Sruly was engrossed in a book. Ima was in the kitchen and Abba wasn't at home. Lelli, the baby, was close by but she couldn't help. Shaya sighed and returned to the ant procession, forgetting about the counting.

"Actually, it doesn't matter how many ants there are," he told Ima at night, before he put his head down on the pillow. "What matters is that I know that there are lots of them, billions, zillions.

"But then, maybe I should count them. I can start all over again tomorrow until I reach 29, and then count another 29, and another, until I've finished counting them all. Then I'll know how many 29's there are."

"That's a very clever idea," Ima smiled.

"Why not say thirty and go on from there. It'll be easier to multiply them that way," Sruly suggested.

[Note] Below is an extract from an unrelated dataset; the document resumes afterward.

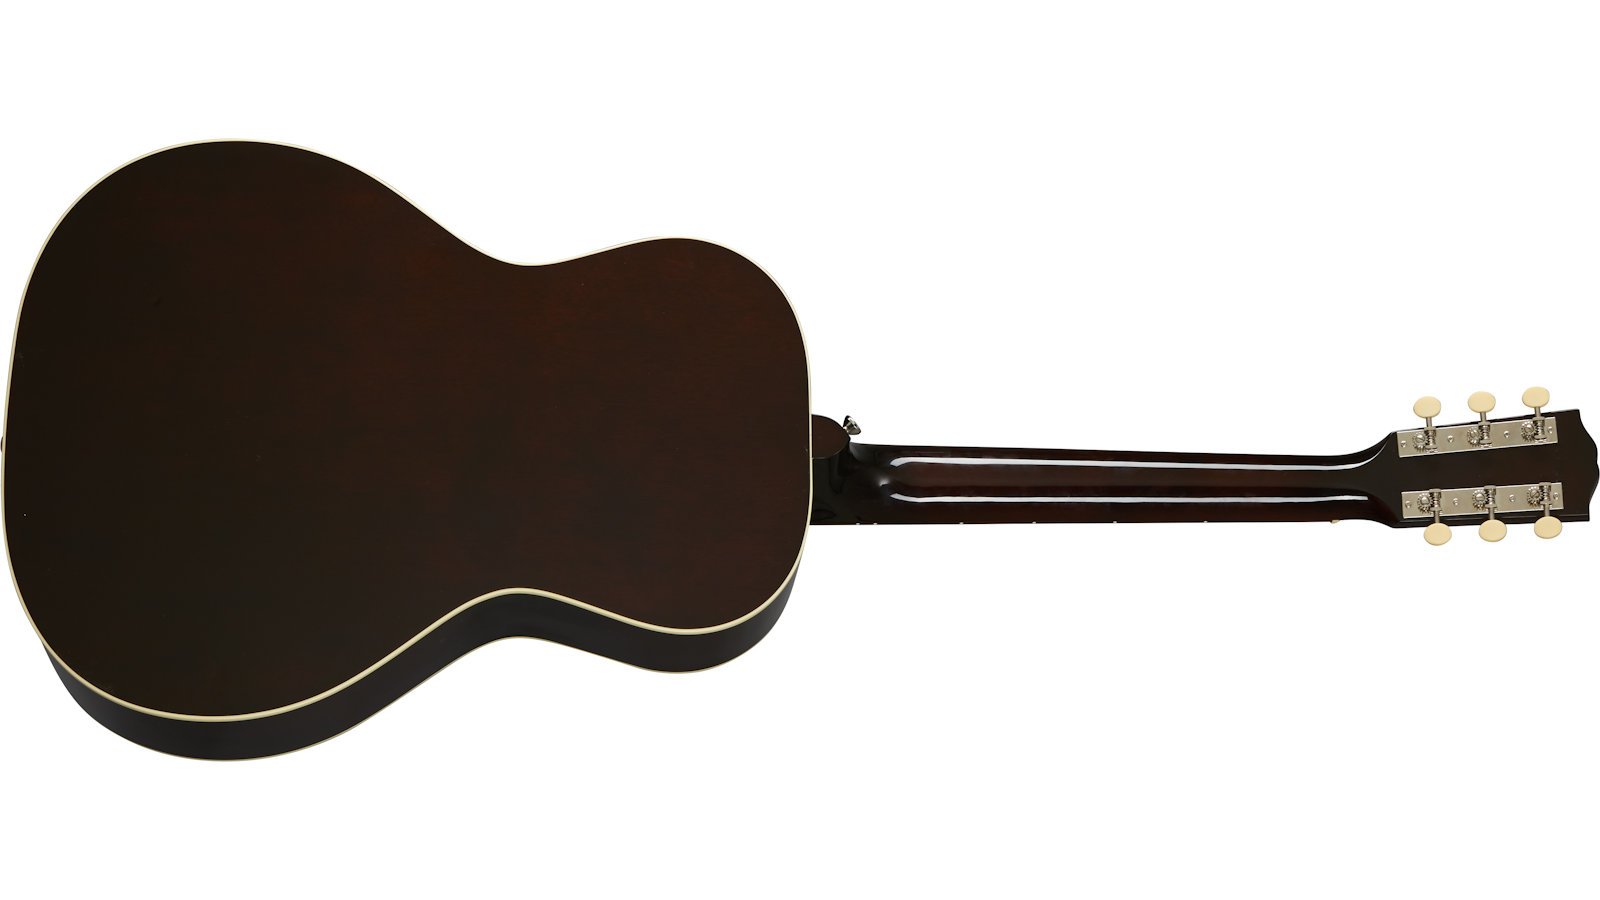 Gibson L-00 Original Lh 2020 Parlor Gaucher Epicea Acajou Rw - Vintage Sunburst - Guitare Electro Acoustique - Variation 1

Shaya was confused. He remembered that his teacher had mentioned the word "multiply." But it had retreated, like many other concepts, deep into his mind.

"Multiply?" Shaya asked.

Sometimes he felt that his mind lay in his head like a piece of earth, flat and cracked, and that many ideas seeped inside it through crevices and then fell into the abyss.

"Multiply, " Ima repeated. "You'll learn about multiplication soon, Shaya." Then turning to Sruly, she said sternly, "I would have expected you to be a bit more understanding!"

At home everyone was always expecting a bit more from Sruly. Abba demanded that he be a bit more considerate. Ima demanded that he be a bit more understanding, or that he help out more. In school though, more was expected of Shaya.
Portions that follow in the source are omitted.